# Coffee Filter?



## English (Mar 18, 2007)

Not real sure where this question belongs, but I figured that since I'm getting ready to bottle my first batch, that this was as good a place as any.
I've been reading a lot on this site about filtering prior to bottling. Problem is that I don't have any filtration equipment. The kit I'm making is from Cal Con and is a Pinot Char. I checked it this morning and it looks very clear, has nice color and tastes a little odd. The taste, I'm sure will get better after aging a while. All the finings have been added and I should be ready to bottle on Tuesday. Does anyone think that straining it through a coffee filter when I transfer into the carboy before bottling would be a bad idea? I know this isn't anything like filtration, but I guess I'm figuring it'll help get any of the "big stuff" out of the wine.
So, anybody have any thoughts about using a coffee filter as a strainer?

Thanx, Matt


----------



## Luc (Mar 19, 2007)

A 'normal filtering system' is a closed system.
Using a coffee filter is using an open system.
Meaning that if you use a coffee filter you will expose the wine
to oxygen. So make sure so use some extra sulphite or ascobic acid
to keep the oxygen under control.

Further I think kit wines are not made to be filtered because the
manufacturer can not be sure you need a filtering system but that
depends on the manufacturer and the kind of kit I suppose
be carefull to read the packaging considering this. You might do more
harm as good.
I think someone with more experience on kits can shed more light on this.

Luc


----------



## cpfan (Mar 19, 2007)

Matt:

My experience with filtering a gallon of liqueur with a coffee filter & filter cone was not very good. Painfully slow and much of the liqueur seemed to bypass the filter.

Personally I would filter that kit (but I've got a Mini Jet). Without the MJ, not sure what I'd do.

Steve


----------



## English (Mar 19, 2007)

Steve,

Must be nice to have all the goodies! As I'm just getting started I have yet to obtain all the bells and whistles. I was thinking about using a collander with the filter spread out in the bottom of it and letting the siphon hose drain through the filter into the container this way. See I've got two 9 gal fermnters with large open tops. Got them from E.C. Kraus.. (I'm sure you've seen them)

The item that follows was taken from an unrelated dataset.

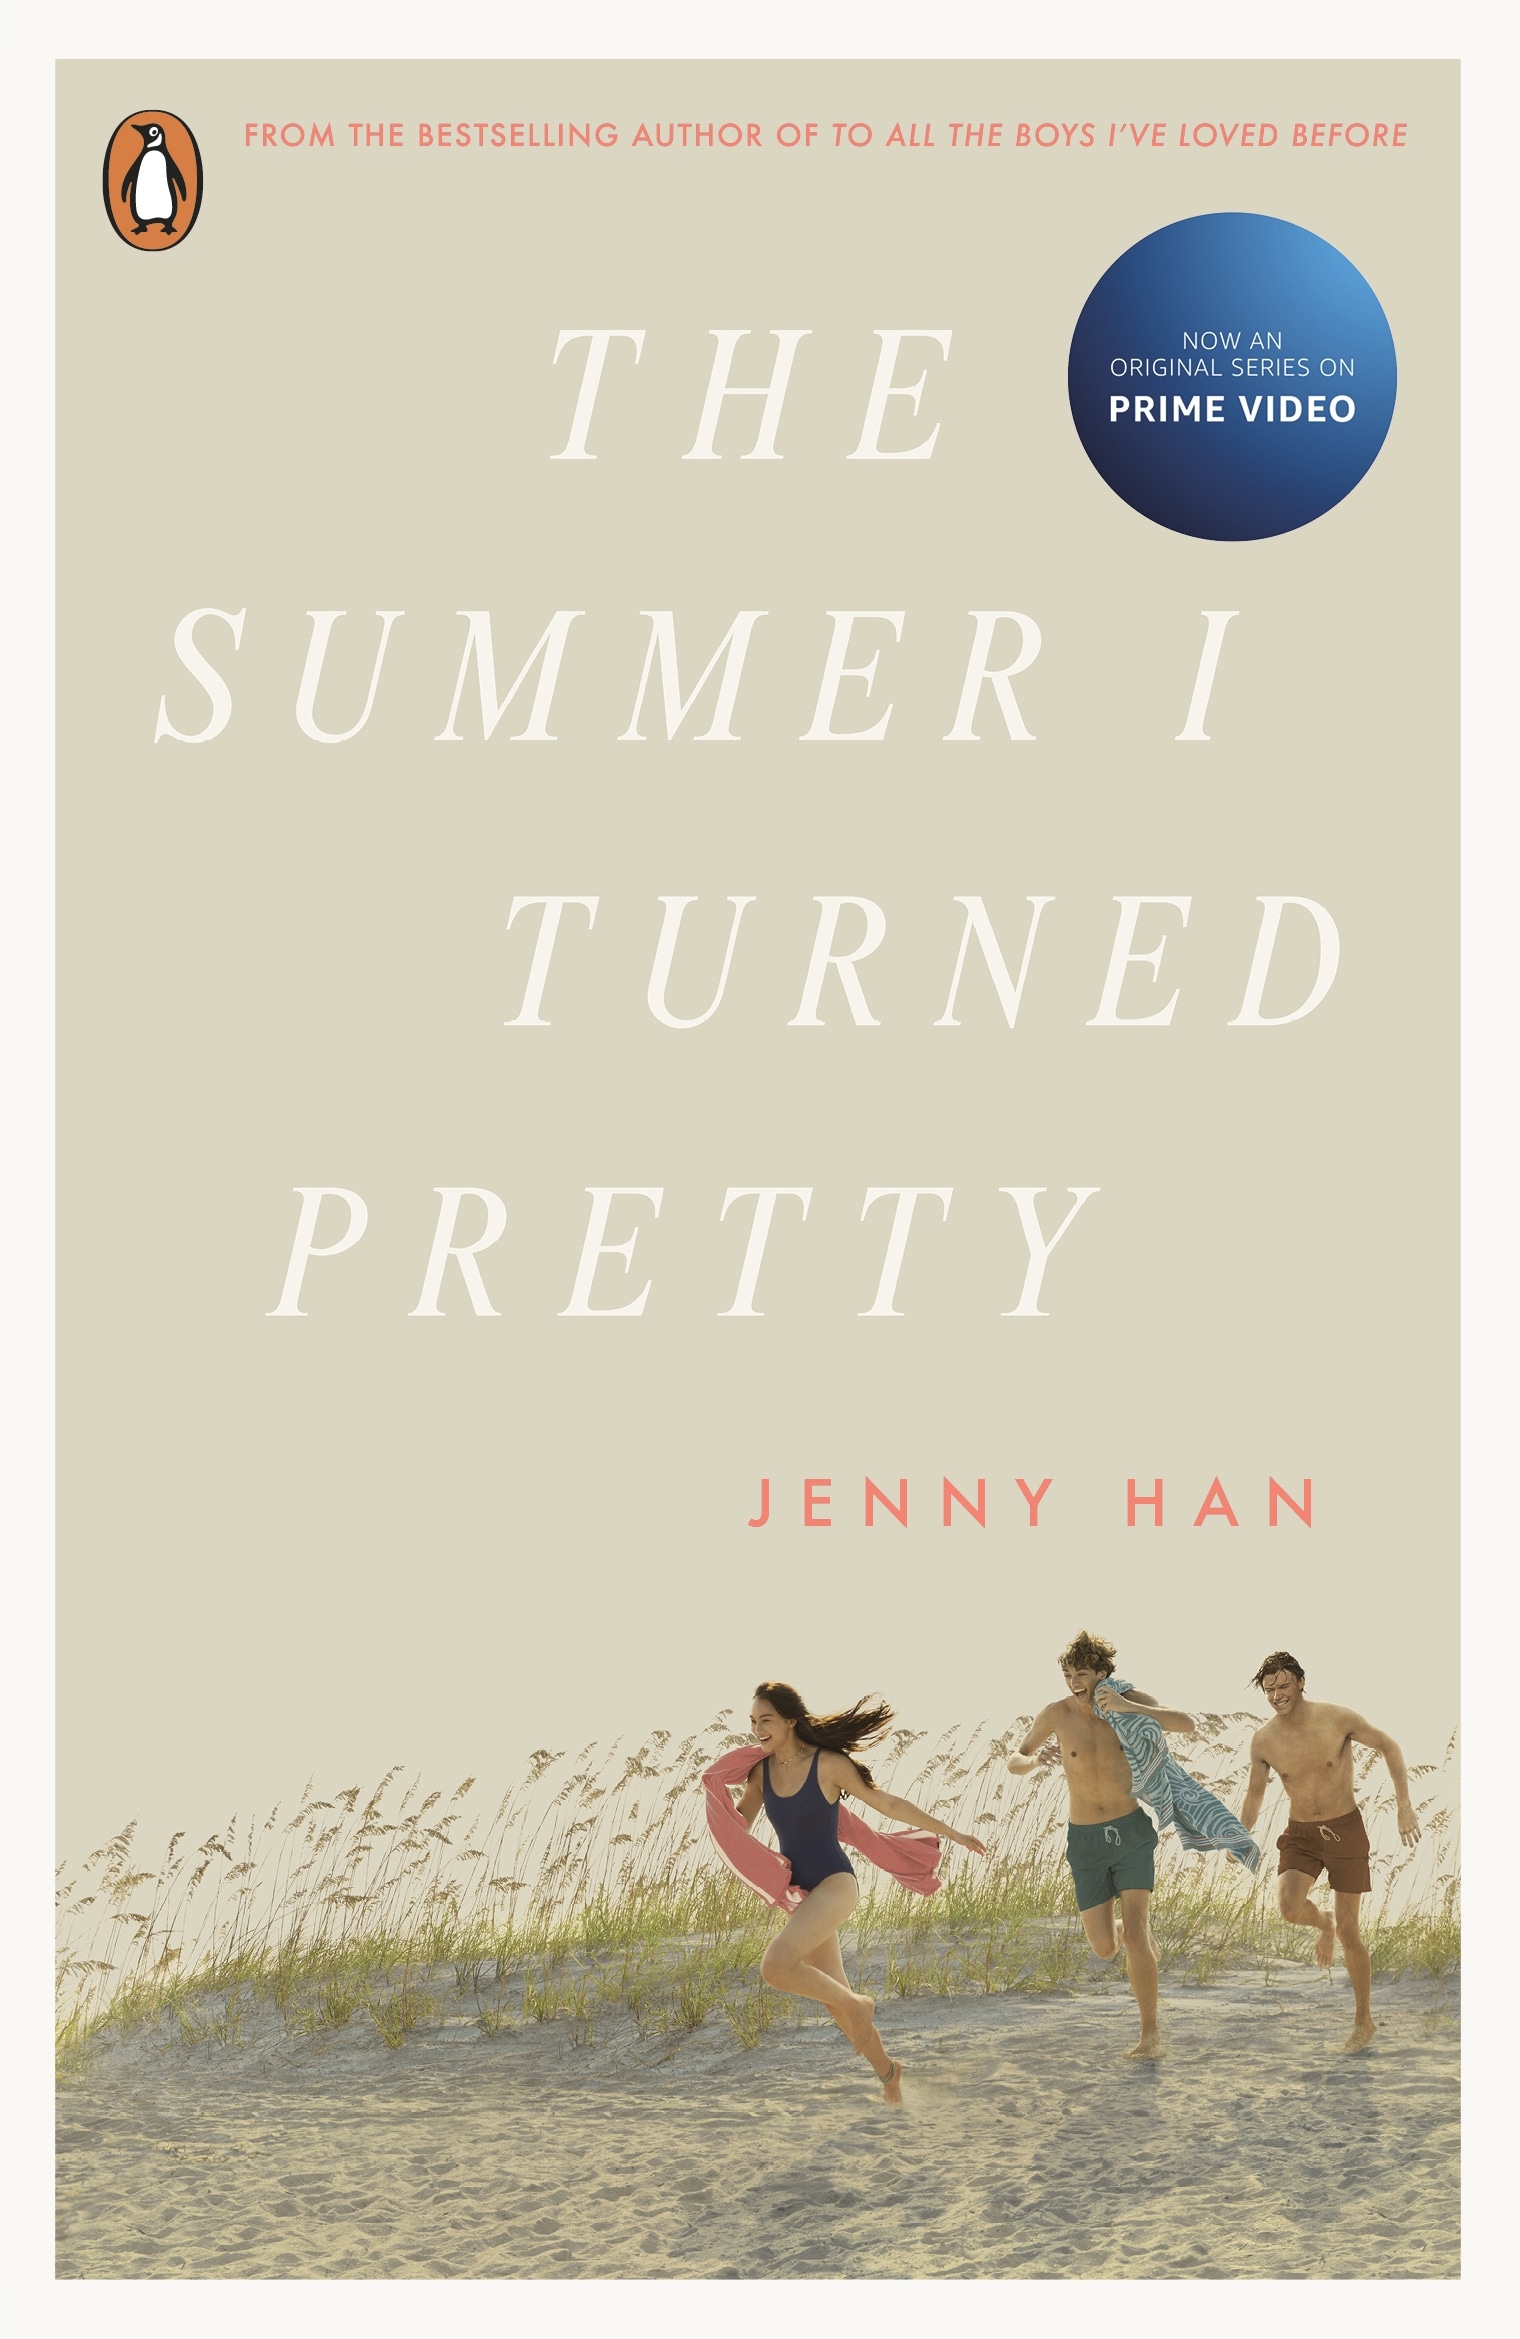 Book “The Summer I Turned Pretty” by Jenny Han — April 28, 2022

I do however, see Luc's point about the oxygen issue. I may reconsider my plan.


----------



## phantom (Mar 20, 2007)

Between the friend who got me started, and the stuff I've done solo, I've got a couple dozen kit wines under my belt. So far, I haven't filtered any of my wines. Unless you're in a rush to free up the equipment(or drink the wine), I've found that letting everything sit in the carboy after adding the fining agents in the last step pretty much eliminates the stuff that might settle out in a bottle. Despite some of my better intentions, I've never followed the exact directions as far as the timeline in the instructions. 

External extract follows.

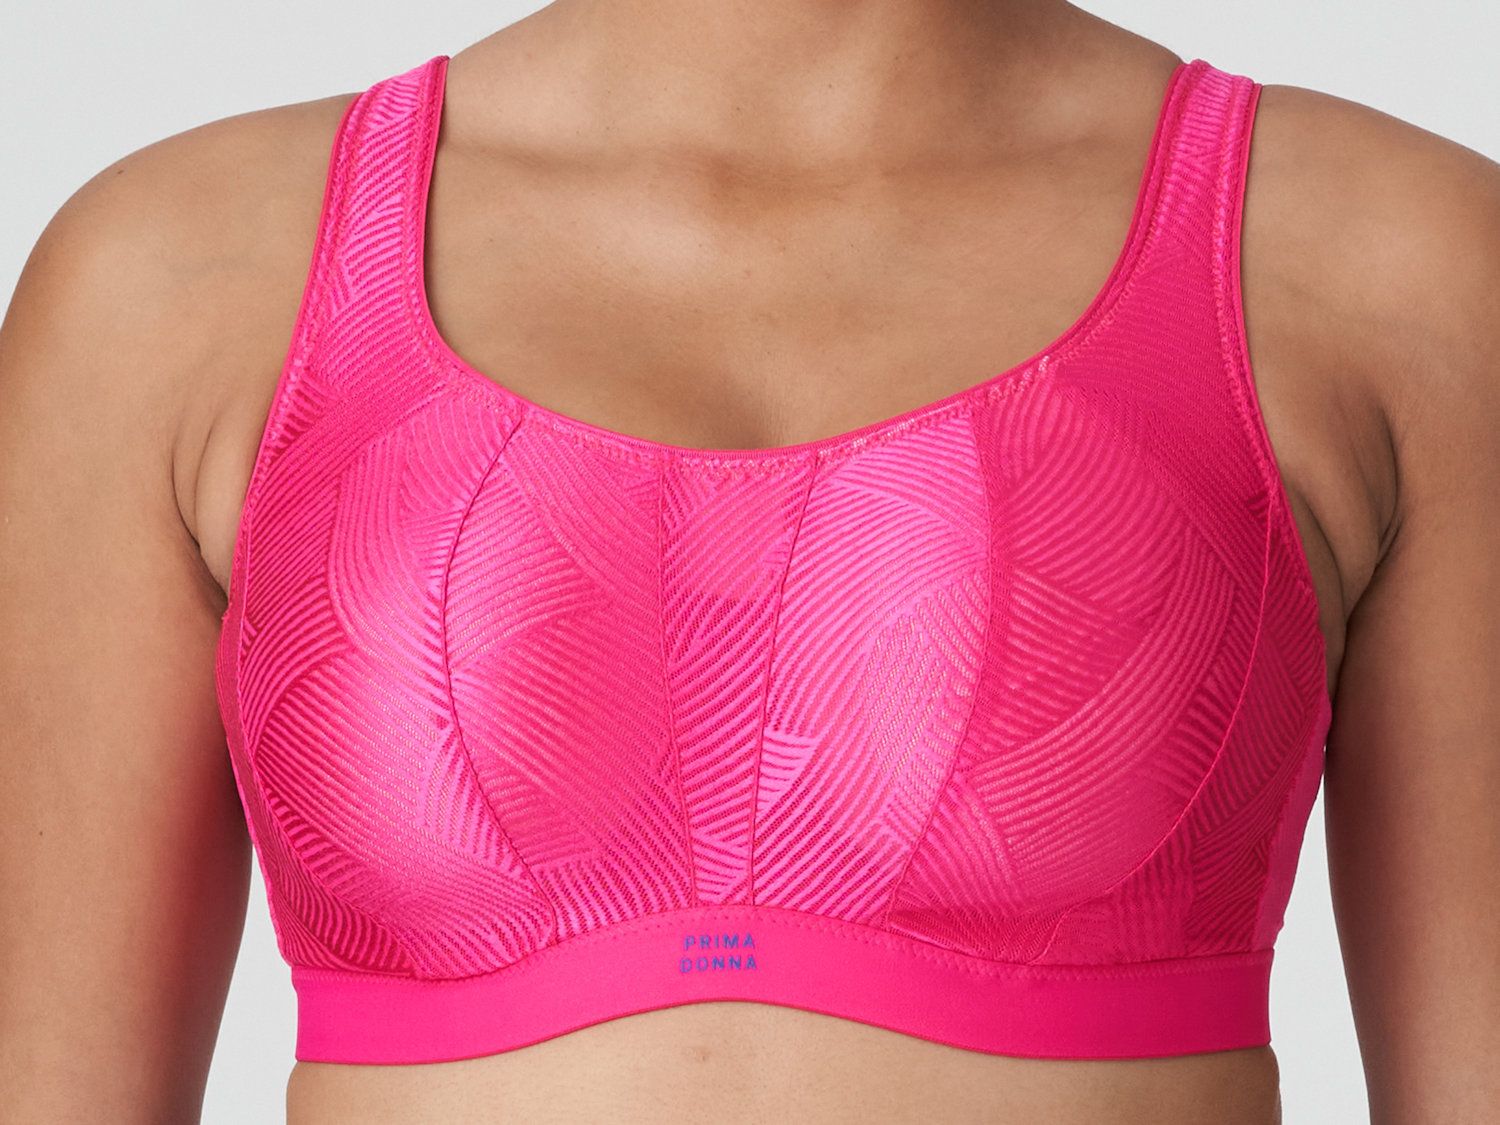 PrimaDonna Sport THE GAME Electric Pink padded sports bra

Also, if you're willing to lose a little yield, if you don't stick your racking cane deep into the lees at the bottom of the carboy, you'll have fewer problems with sucking stuff into your bottles. The most I've ever gotten out of a 6-gallon(US) kit is 27 bottles(instead of the "30" you're supposed to get).


----------



## Caplan (Mar 20, 2007)

I've used 'coffee paper' type filters in the past too and they never worked for me. Unless you want to go down the 'Mini jet' route as Cpfan suggested I'd just let the sediment drop (as per the kit instructions/recipe recommends) and be careful when racking to avoid stirring it up and transfering it into your fresh carboy.


----------